> Supplied data
= = = =

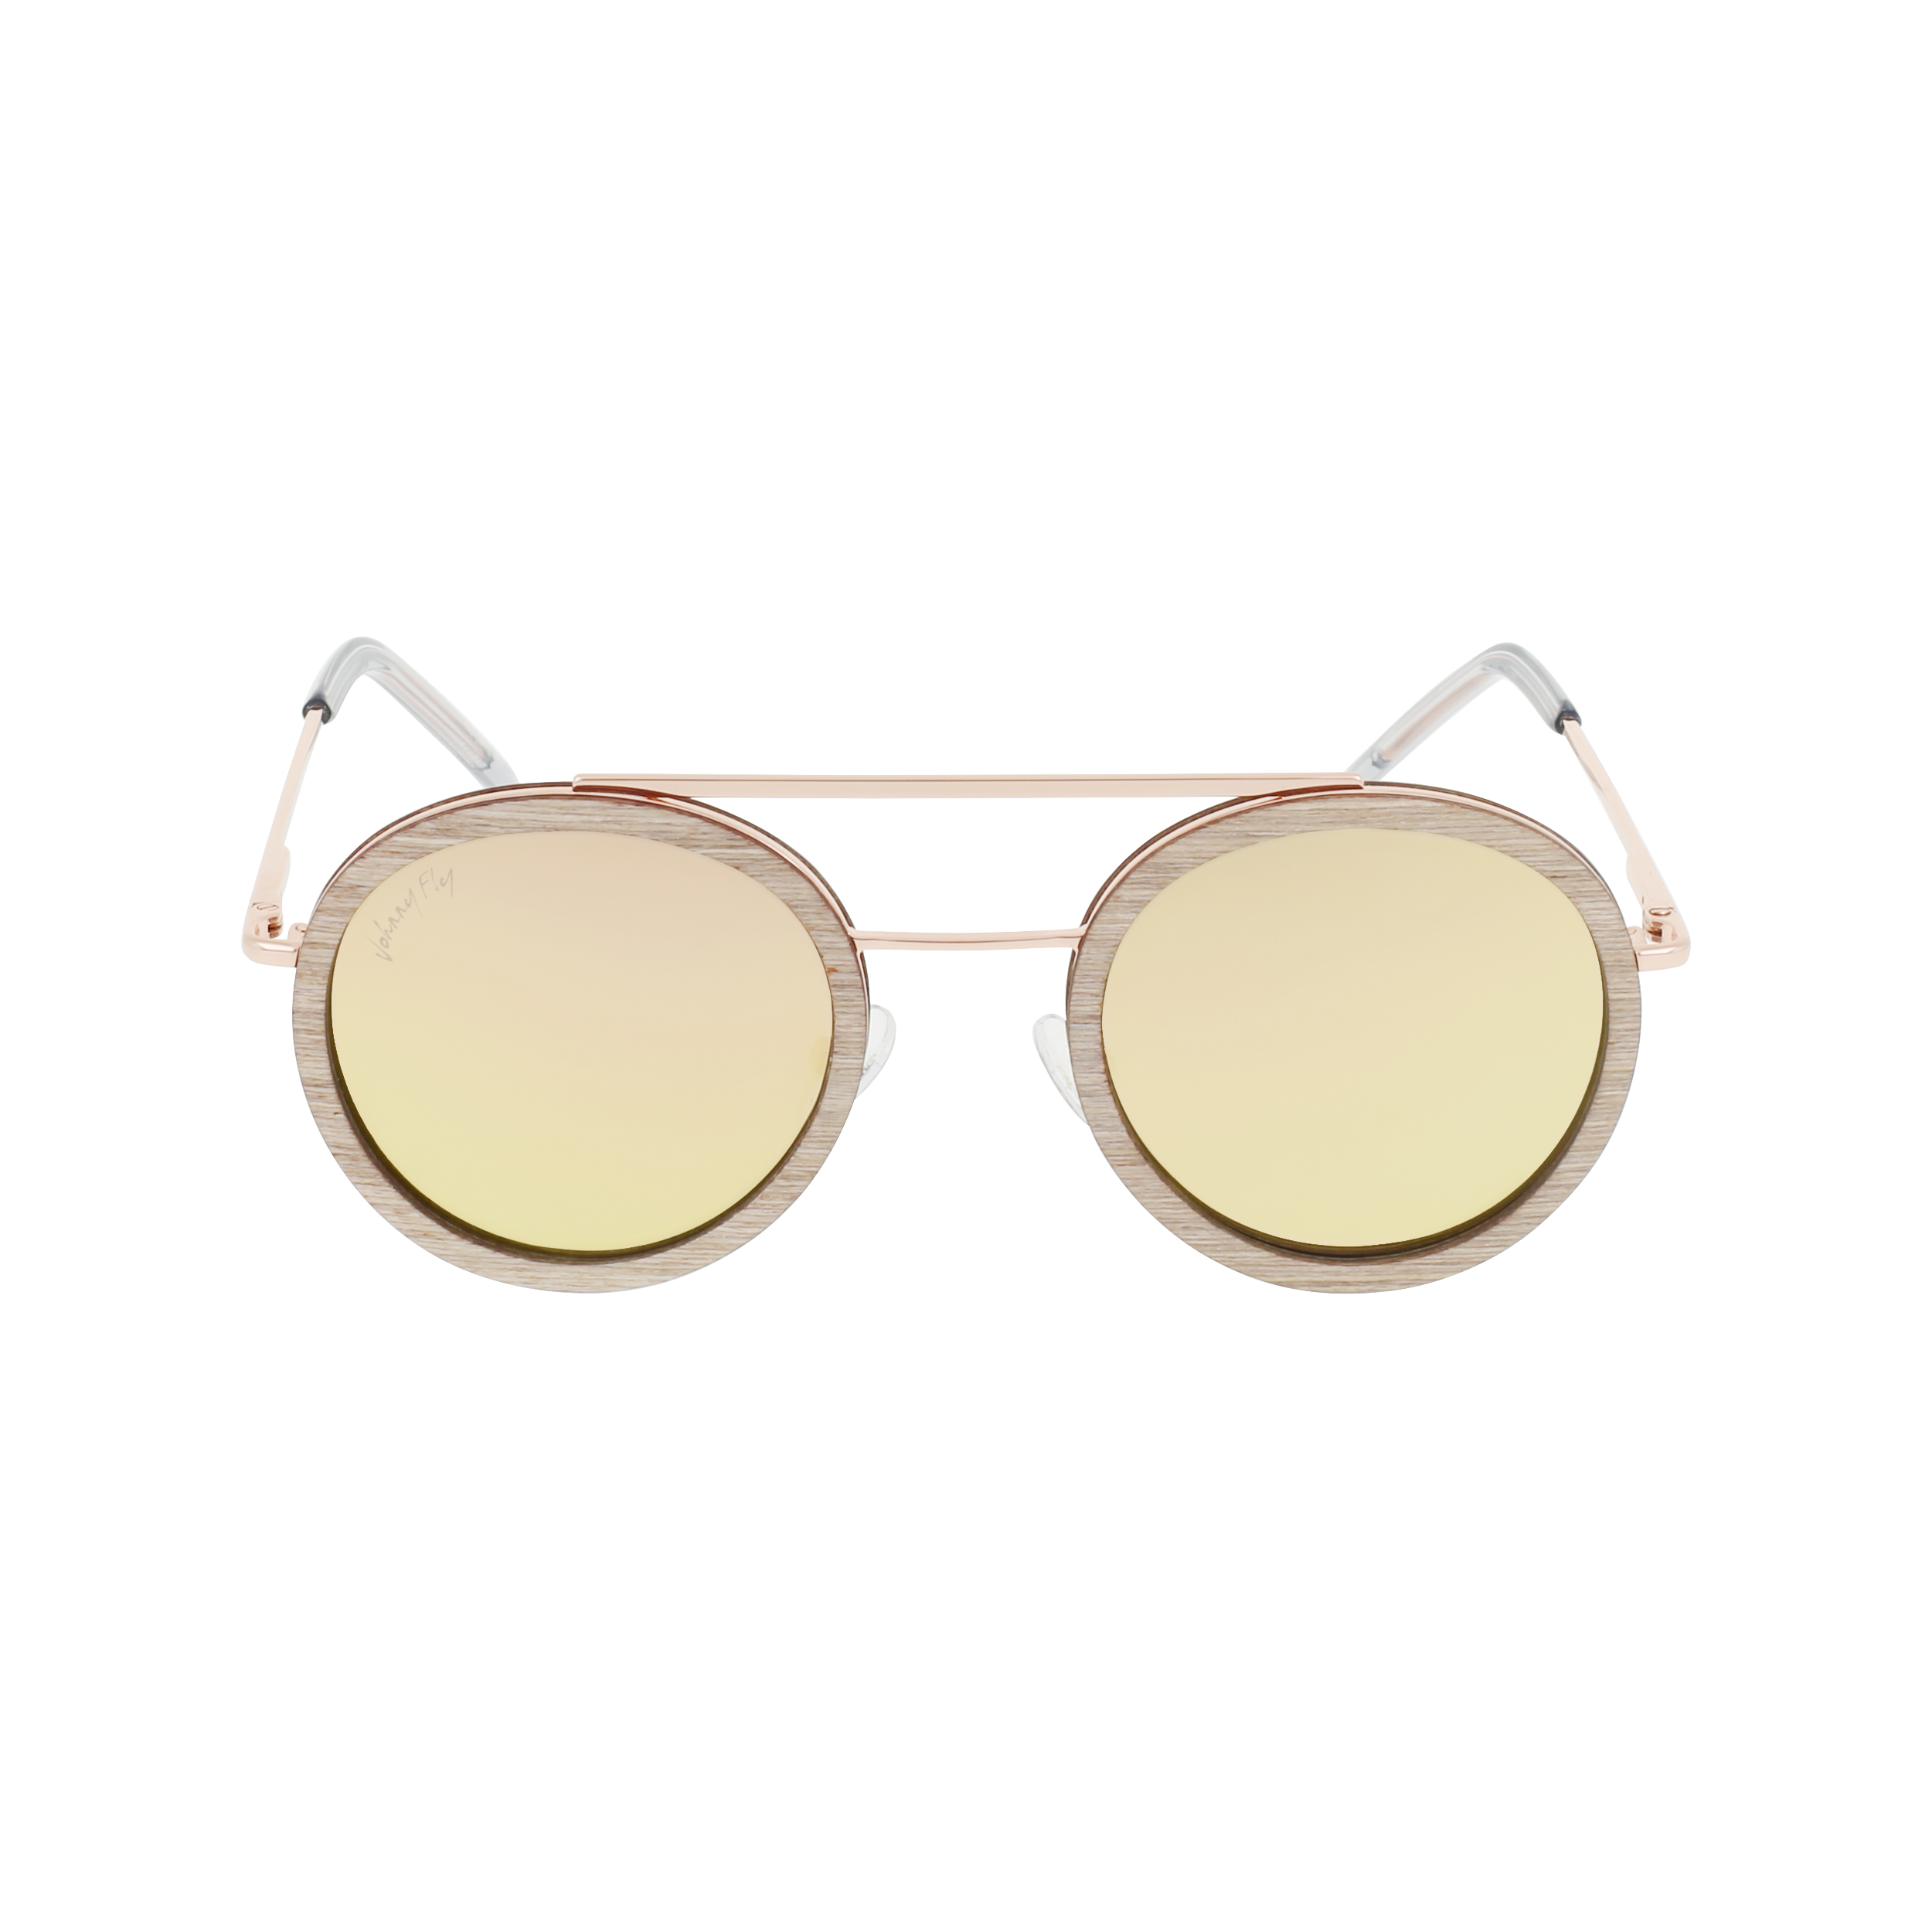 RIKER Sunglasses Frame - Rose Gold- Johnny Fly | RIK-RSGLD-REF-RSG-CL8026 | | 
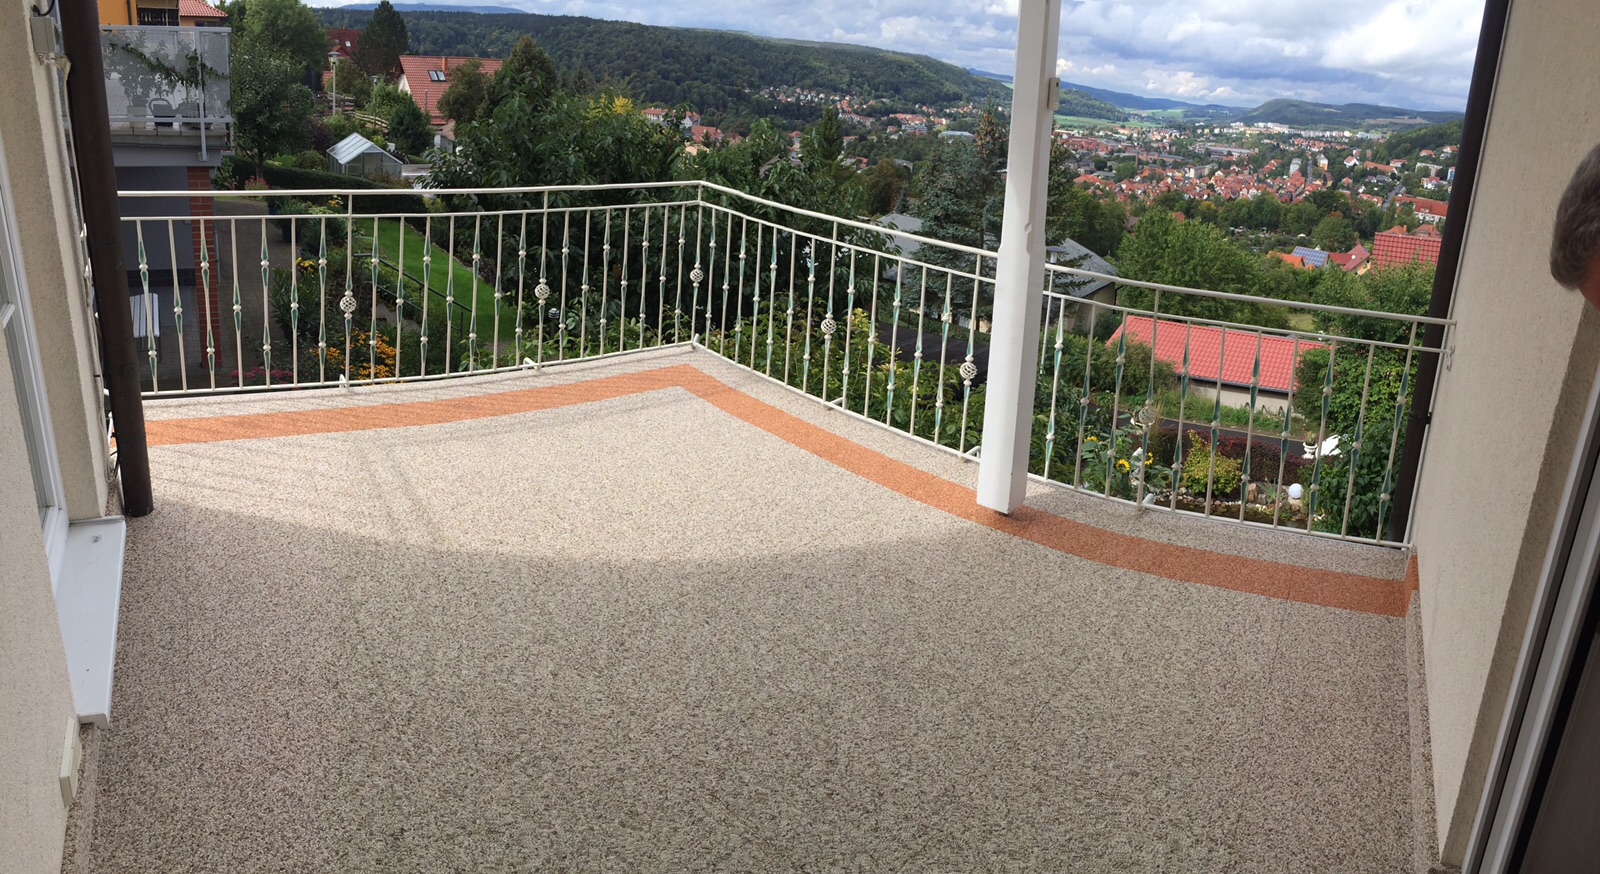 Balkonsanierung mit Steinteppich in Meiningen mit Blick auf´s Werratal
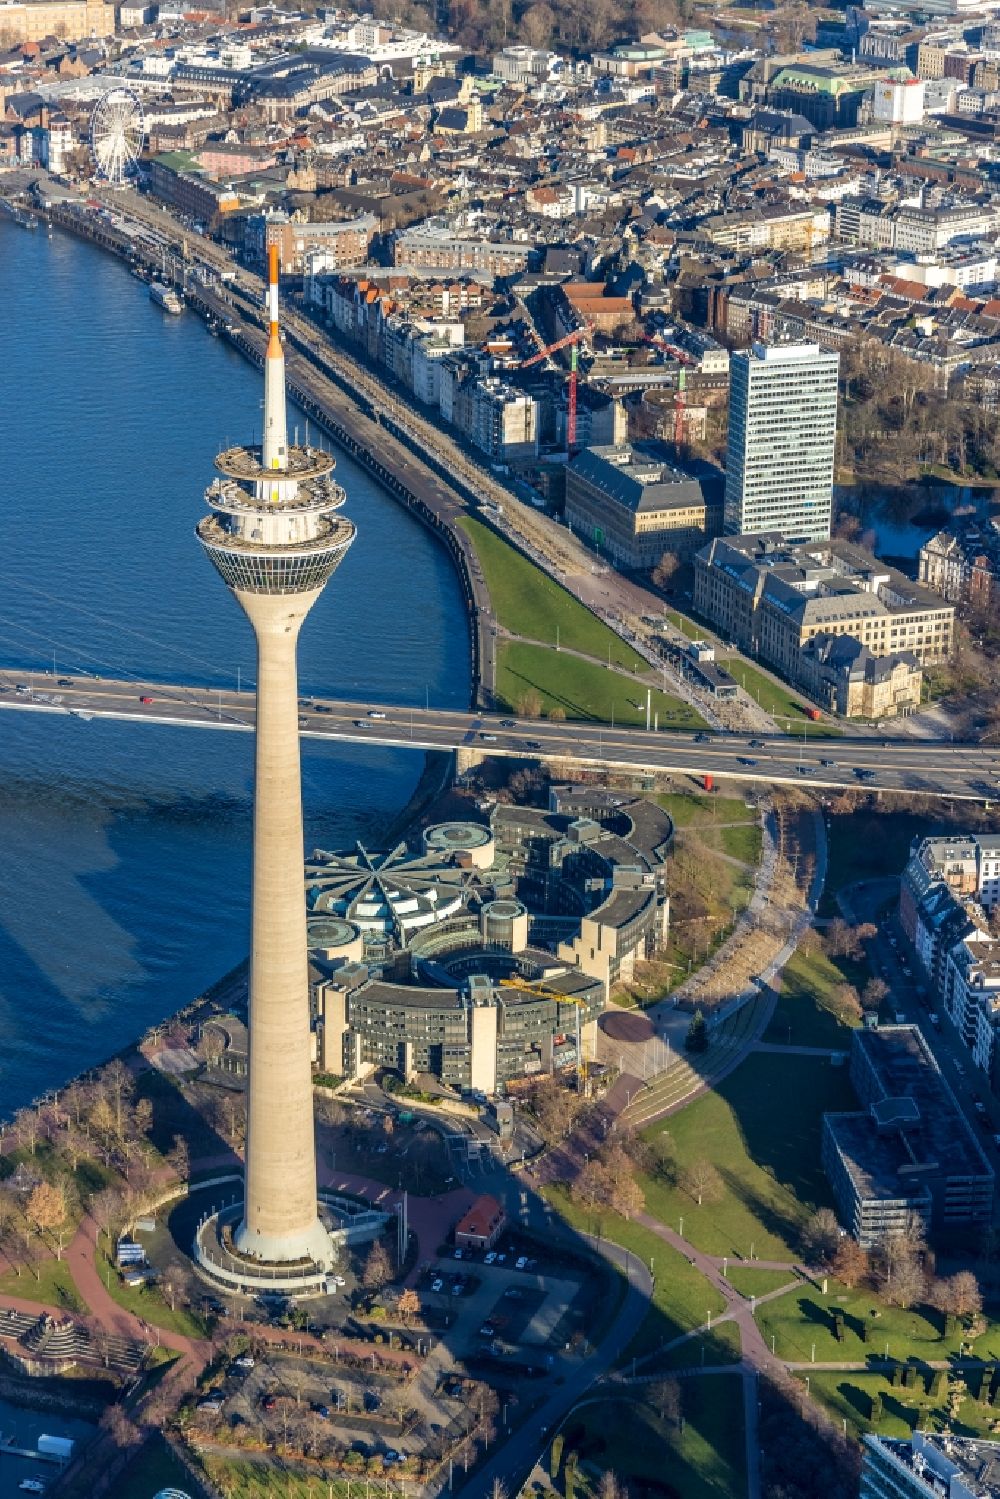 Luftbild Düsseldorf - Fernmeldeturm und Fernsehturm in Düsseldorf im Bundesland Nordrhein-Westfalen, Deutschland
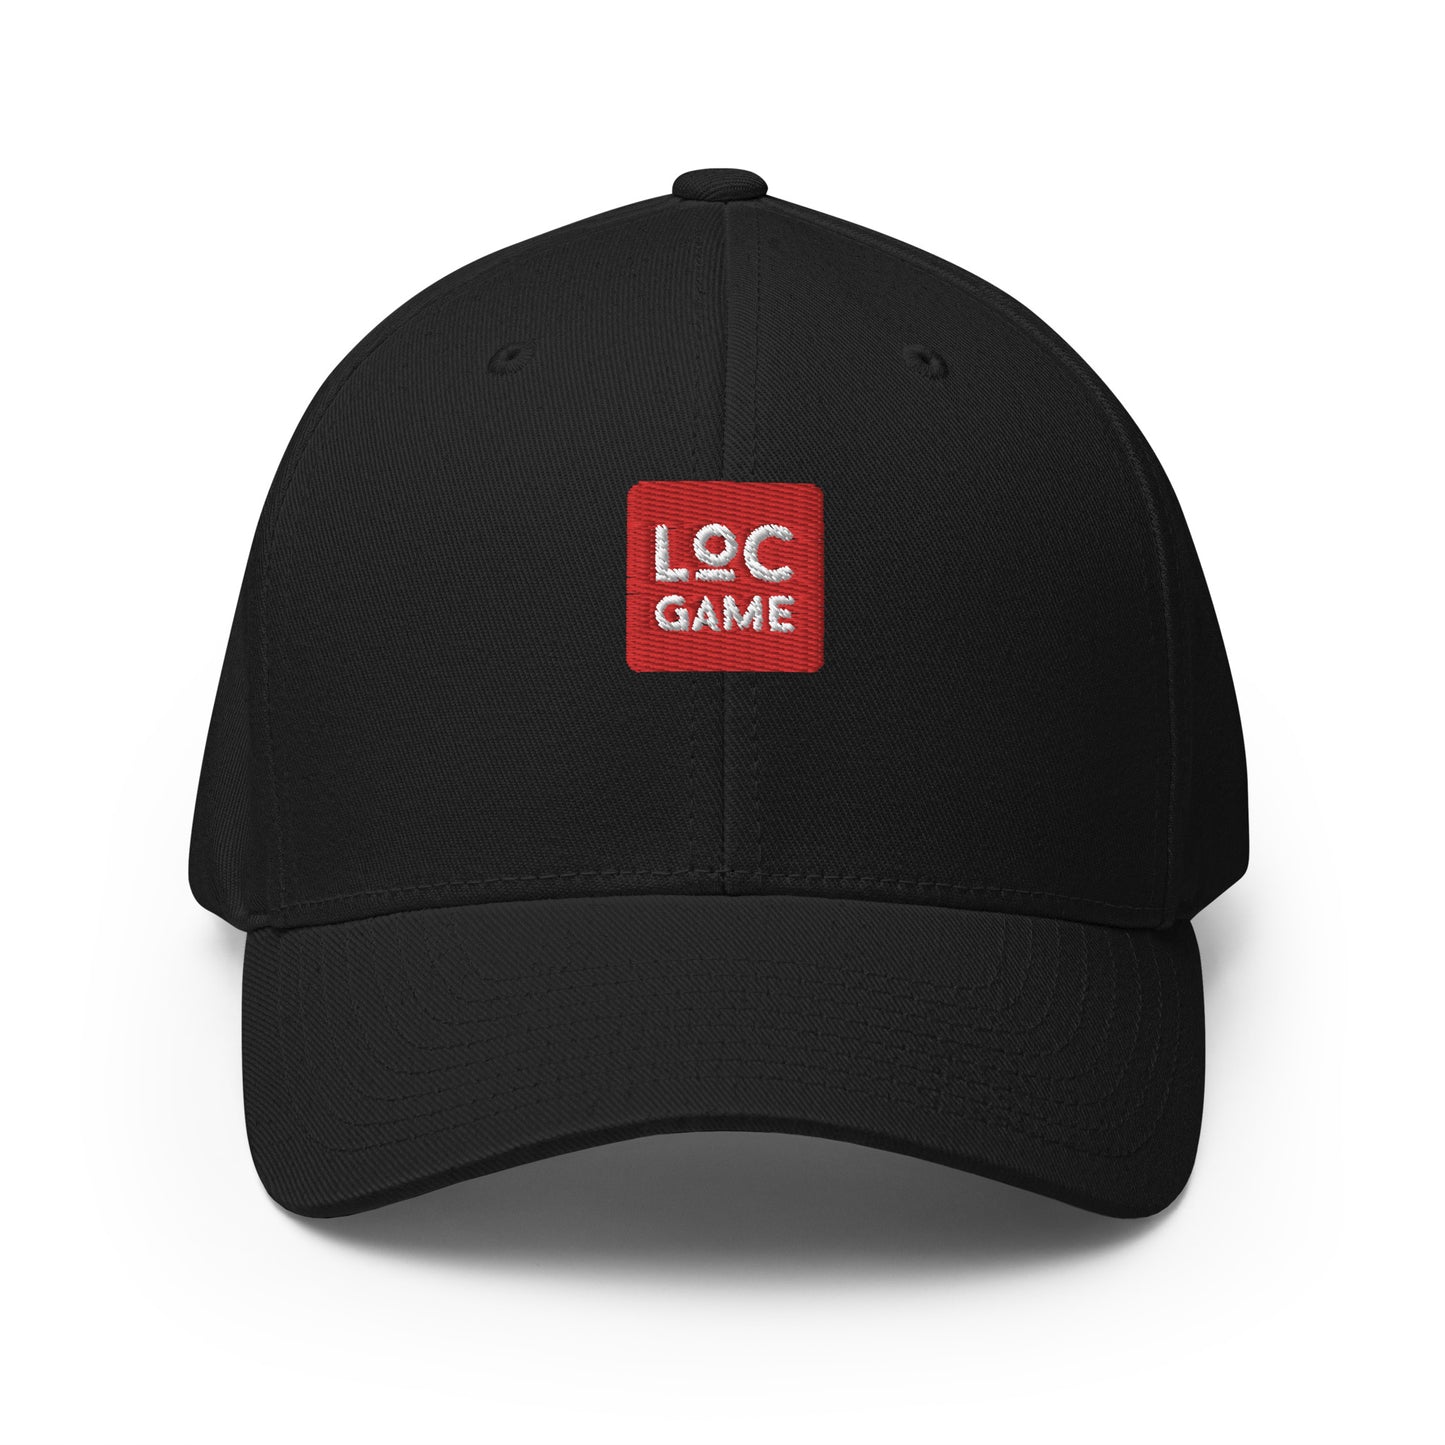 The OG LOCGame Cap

= = = =

> Exercise objective
Please output the data above exactly as given, omitting every picture.

> Written answer
 RIKER Sunglasses Frame - Rose Gold- Johnny Fly | RIK-RSGLD-REF-RSG-CL8026 | | 
 Balkonsanierung mit Steinteppich in Meiningen mit Blick auf´s Werratal
 Luftbild Düsseldorf - Fernmeldeturm und Fernsehturm in Düsseldorf im Bundesland Nordrhein-Westfalen, Deutschland
 The OG LOCGame Cap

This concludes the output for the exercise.